Corneille est-il vraiment amoureux de Marquise ? L’équivalence créé par le chiasme,
dans un croisement de perspective temporelle, anéantit la beauté de la belle, et donc
son pouvoir de séduction.
Corneille manie dans ce texte un effet d’attente : quels sont les charmes dont
il se réclame ? Si le temps fane toute chose, le temps n’a-t-il donc pas de prise sur
lui ? En effet, il installe l’idée d’une dimension cosmique au vers 9 (« le cours des
planètes ») et s’installe dans ce grand réseau qui dépasse l’histoire individuelle de
chaque homme. Il utilise le champ lexical de la renommée (l’hyperbole « mille ans »
mais aussi les mots « gloire », « crédit », « sauver», « faire croire ») c’est-à-dire un
pari sur la postérité. En tant qu’écrivain, il marquera les descendances, on parlera de
lui après sa mort. Si nous reprenons une image qui lui servait à se montrer sous un
jour défavorable (la synecdoque du front ridé), nous nous apercevons qu’elle
renforce ce pouvoir du penseur, du créateur, le front représentant le symbole de
l’intelligence et du talent. L’inégalité des deux personnes est donc ici frappante.
Corneille, l’écrivain, grâce à sa gloire littéraire (son « crédit »), à la force de son
langage, traversera les siècles ; Marquise, elle, ne peut travailler que dans
l’éphémère : son visage d’actrice sera vite oublié. Au vers 28, Corneille souligne avec
amusement et orgueil ce paradoxe : ces charmes sont plus importants que ceux de
Marquise puisqu’ils s’appuient sur la force du verbe : « qu’autant que je l’aurais dit ».

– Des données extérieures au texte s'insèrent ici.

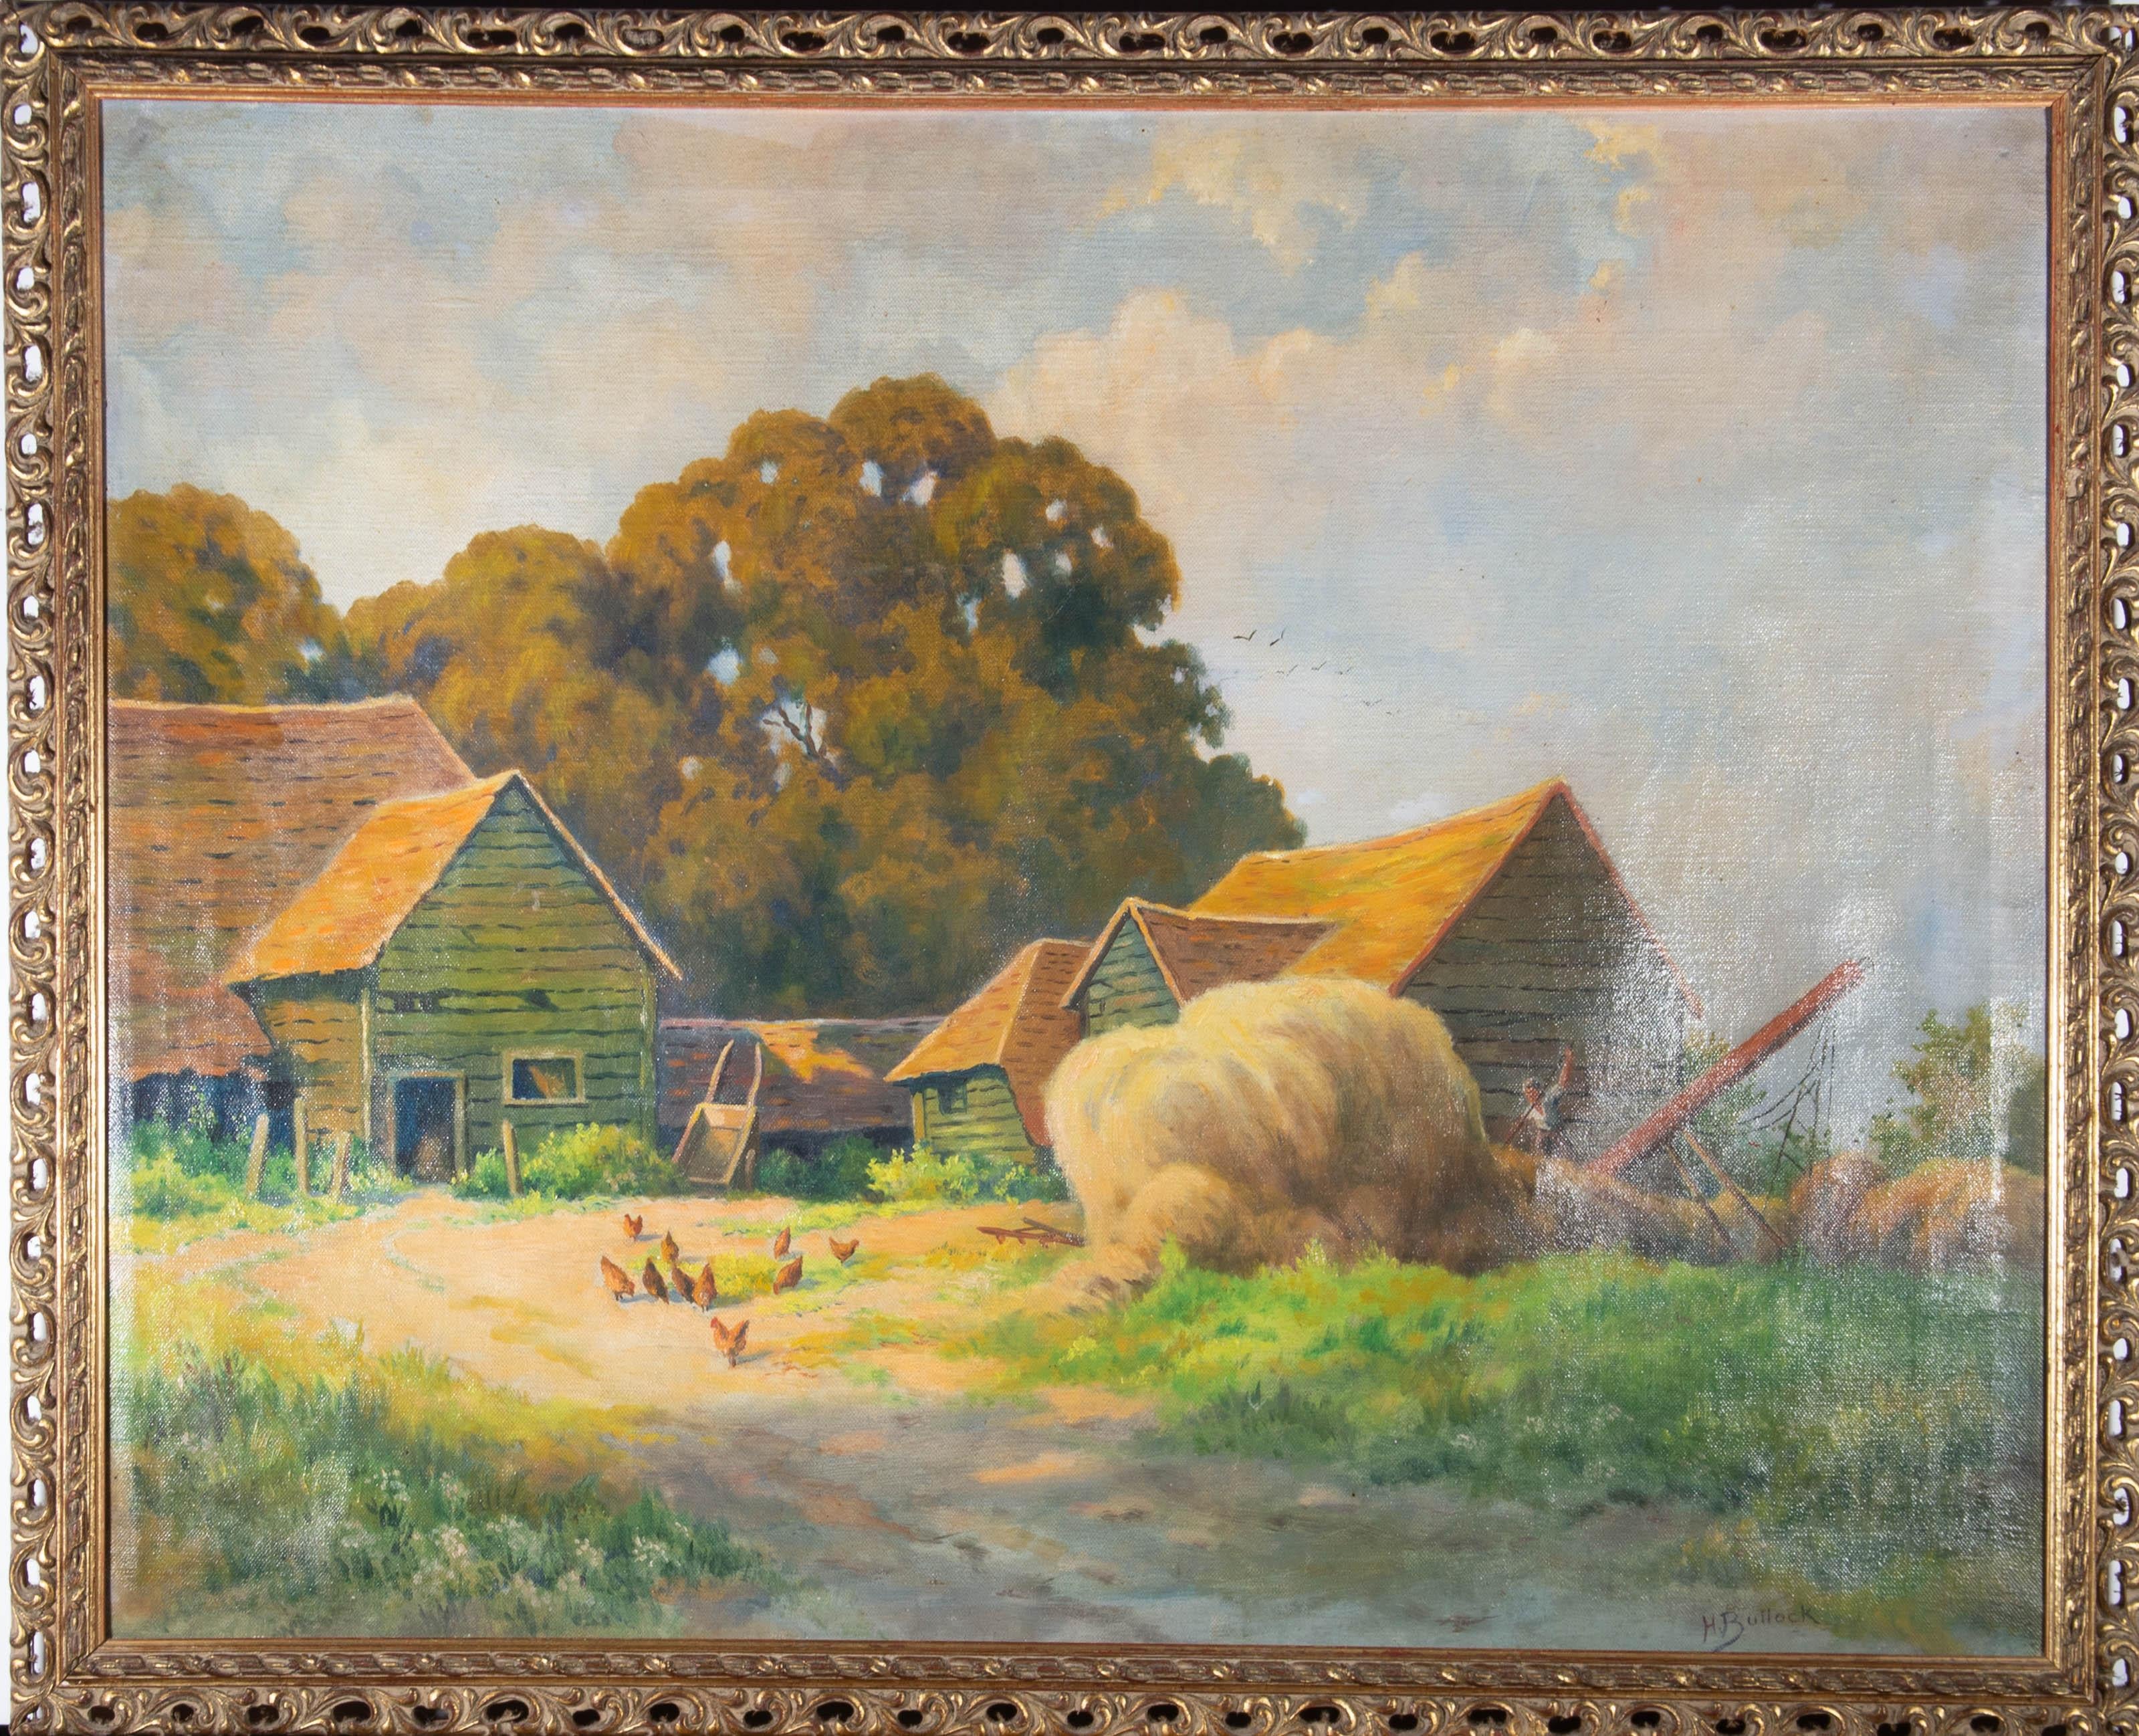 A view of a farmyard on a summer's day. Presented in a distressed pierced gilt-effect wooden frame. Signed to the lower-right edge. On canvas on stretchers.

Il y a même un sous-entendu féroce : je dis ce que je veux de toi, et comme ma
réputation est grande, on me croira.
N’oublions pas que cette fausse déclaration d’amour, ce jeu de valeurs et
d’images, se passe dans le milieu du théâtre. Corneille joue un rôle ; celui de
l’amoureux éconduit car vieillissant. Et il sait bien qu’il n’a aucune chance de séduire.
Marquise, également joue le sien : celui d’une actrice qui a pour objectif de plaire.
Caché dans cette lutte pour la séduction, Corneille invente une autre lutte : celle du
texte contre celle de la présence physique. C’est le texte qui gagne. Le conseil de la
fin, avec son verbe à l’impératif, est éloquent : « pensez-y » signifie rendez-vous
compte de mon pouvoir. On remarque que ce pouvoir change donc de main :
Marquise était, par pure flatterie, le premier mot du poème, le « moi » glorieux du
poète en est le dernier. C’est sur ce terme où se lit la vanité de Corneille, mais une
vanité jouée, amusée et amusante, que Corneille installe ses charmes, le pouvoir
éternel de l’écriture.
Si la volonté de Corneille n’est pas de séduire Marquise, il y a donc une ironie
cachée dans ces stances. En effet, l’ambiguïté du message, le double portrait des
personnes réelles, devenus personnages d’une scène de théâtre futile, l’opposition
implicite entre l’éphémère de l’apparence et l’éternité des mots, offrent au lecteur un
jeu sur le langage particulièrement savoureux. Tristan Bernard a ajouté, au
vingtième siècle, une strophe supplémentaire à ces stances célèbres, la réponse
provocatrice de Marquise qui se termine par ces mots familiers « je t’emmerde en
attendant ». Popularisé par le chanteur Brassens, les derniers mots de Marquise
amusent parce qu’ils sont une relecture du Carpe Diem. Pourtant, ils donnent raison
à Pierre Corneille qui avait bien saisi que le poète, mais encore plus le dramaturge
qu’il est, a le don de distribuer la parole aux actrices de théâtre.